Liz’s eyes gazed at him with an unreadable expression. She shoved it down quickly and stepped into the threshold of the laboratory. Her eye immediately went to the standing Doctor, wearing the red robes.
She breathed out a sigh of relief.
“Doctor, I thought you said you were going to be careful.”
The Doctor’s brows drew together for a second, and then raised back to their normal position.
“Ah,” he scratched his chin as he looked down at his counterpart, still unconscious on the floor. “Yes, he forced me to use a bit of martial art I picked up on Venus.”
The Brigadier nodded with a frown.
“That Venusian aikido again? You know, Doctor, we should start teaching that to the men. It could come in useful when our weapons are useless.” He smiled softly. “Which seems to be a fairly common occurrence.”
The Doctor nodded along. But his eyes and his focus were back on the TARDIS. He hit a few switches and turned a dial. Leaned against it, he seemed so in his element that the other two merely watched in admiration for a moment. Like watching Leonardo painting, or a footballer kicking goals into a well-guarded net. The Doctor’s rightful place, his rightful job, seemed to lie in tinkering with this old TARDIS console.
“Doctor,” Liz stepped forward, closer to the Doctor and his prized machine. “What are you working on?”
“I’m trying to find a way to send him back to his own time. His own universe.”
The Brigadier lifted his chin and set his hands behind his back.
“Is that safe? You - or your counterpart, perhaps - have been tinkering with that thing all day. Something about neural-circuits?”
The Doctor frowned sharply, his hands pausing above the controls.
“That is a good point, Brigadier. He’s rather messed a few of the controls.” He raised a smile to each of his companions. “But I think I can manage to bypass the damage.”
Liz stepped ever nearer and leaned on the console as if she were born to be there; born to work on the TARDIS at the Doctor’s side. Born to learn the secrets of the Time Lords along with all the other secrets of the universe. The Doctor gave her a sharp, severe frown, which quickly softened before she could notice.
“Do be careful, Liz. Any one of these controls could cause mayhem if they aren’t handled properly.”
“Sorry, Doctor.”
She stood upright and backed a step away from the console. Her shoe touched the other Doctor’s arm, splayed out on the floor as it was. She jumped away before she could step on him.
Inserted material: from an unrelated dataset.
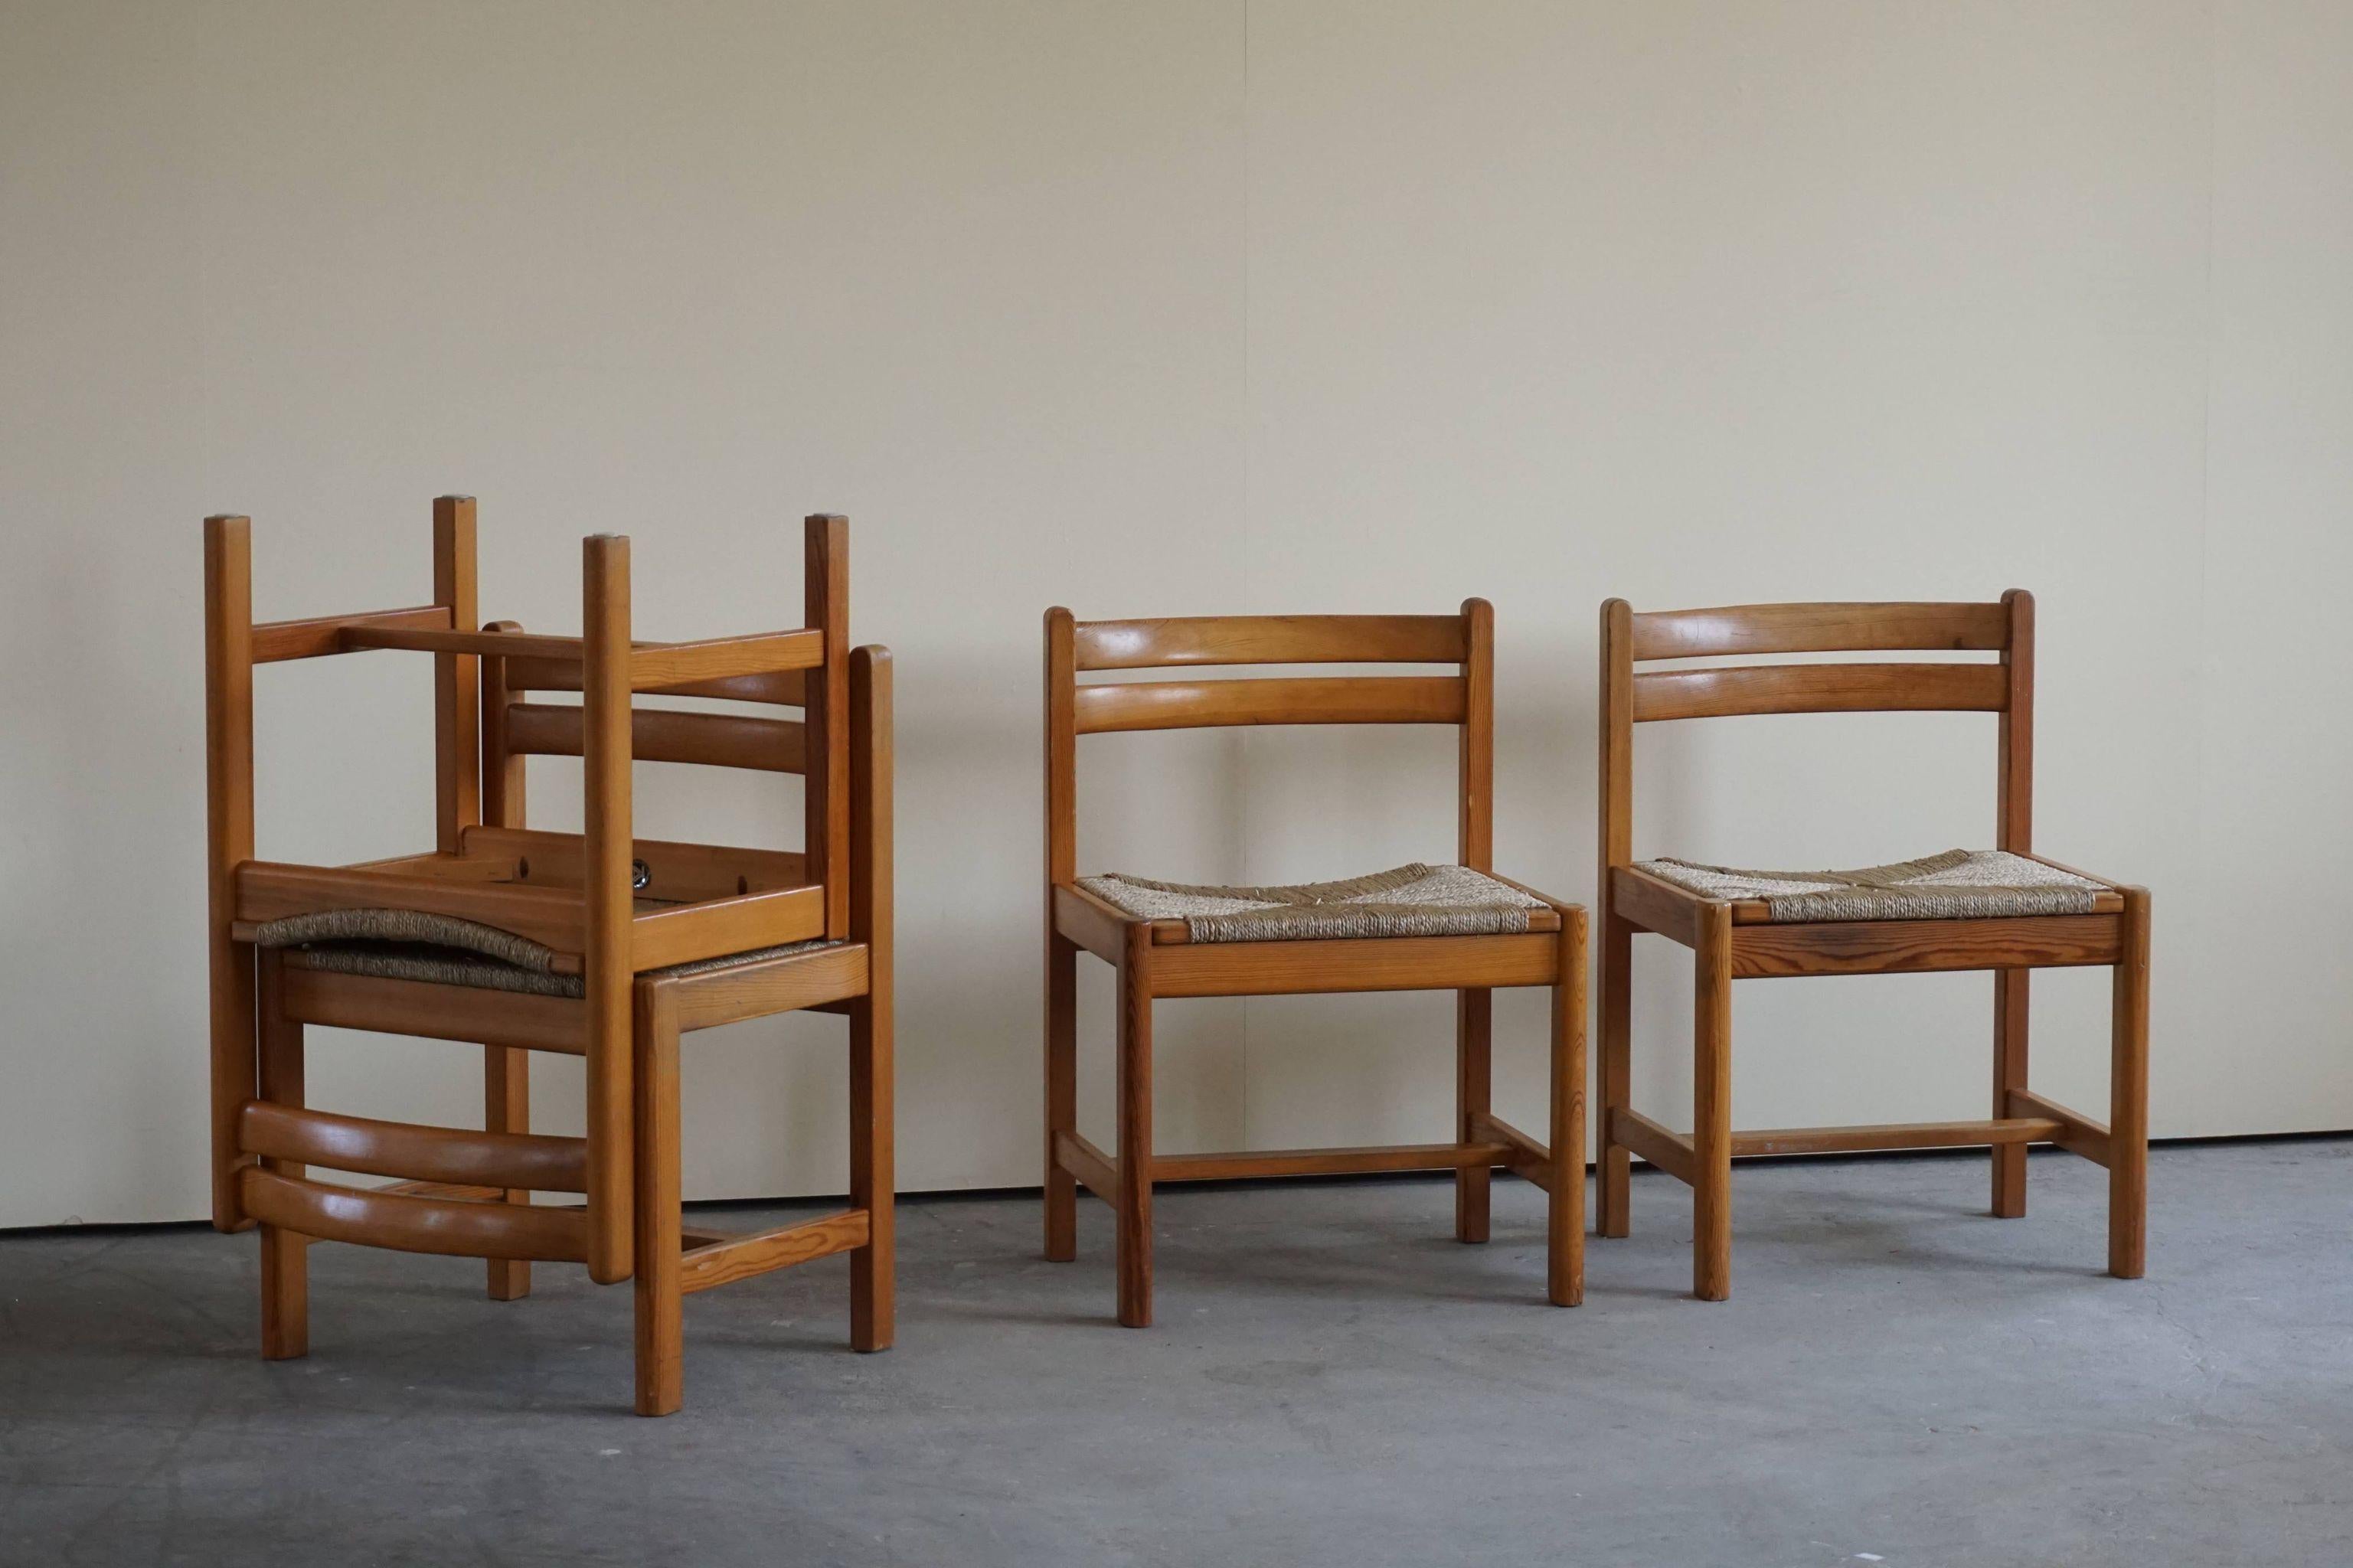 Set of 8 mid century Swedish dining chairs in solid oregon pine and new papercord on all chairs, model

But already he was starting to wake. His head shifted, then his legs. He murmured something unintelligible under his breath.
As soon as he saw the movement in his counterpart’s body, the Doctor leaped back into action. His hands danced among the controls, knowing where to go without hesitation or need for pause.
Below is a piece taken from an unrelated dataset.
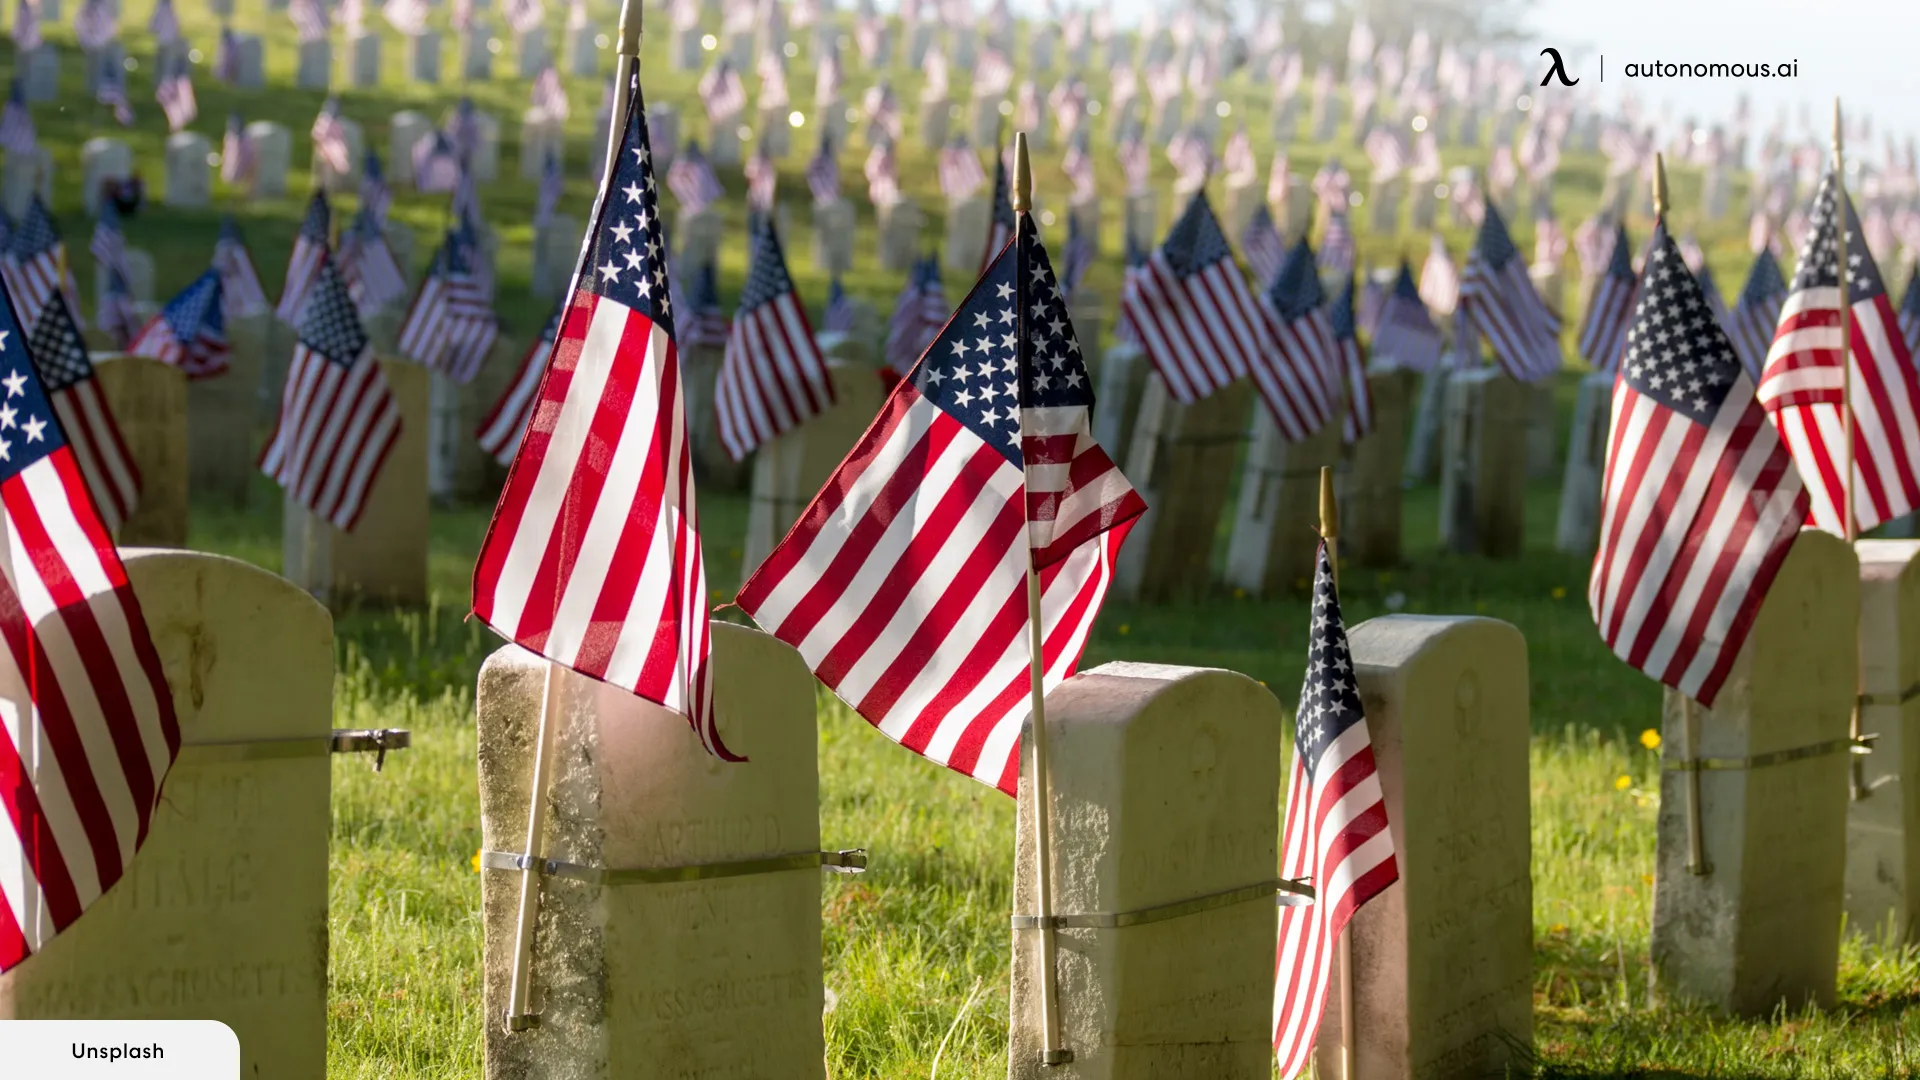 Attend a Local Ceremony - Memorial day activities

“He’s starting to wake,” he said, rather unnecessarily. “We have to get him back where he belongs.”
“Brigadier,” the Doctor on the floor muttered. His eyes flickered open as he turned onto his side. “Liz. He’s not me.”
“What?” Liz furrowed her brows, turning from one Doctor to another. She stepped away from both of them, suddenly unsure of herself.
The man at the console continued pressing buttons, dialing controls, moving around the machine as if he were born to work with it.
“He’s trying to trick you,” he said, typing something into the computer at rapid speed. “You mustn’t let him get into your head.”
“Even so,” the Brigadier glanced from one Doctor to another. “I think we should wait until we’re absolutely sure, before doing anything rash. He could even be fooling you, Doctor. He was doing something involving brainwaves. There could be more going on here than we know.”
The Doctor at the console frowned.
“I think the safest thing is to put everyone back into their own rightful timezone. That’ll sort this whole mess out.”
“Doctor,” the Brigadier straightened his spine. His voice was steady and sure; the tone that turned Privates into Sergeants and turned fearsome enemies into scared bunny rabbits. “Step away from the controls.”
“Brigadier-”
“Do it now.”
When the Doctor at the console turned round, it was to find the Brigadier.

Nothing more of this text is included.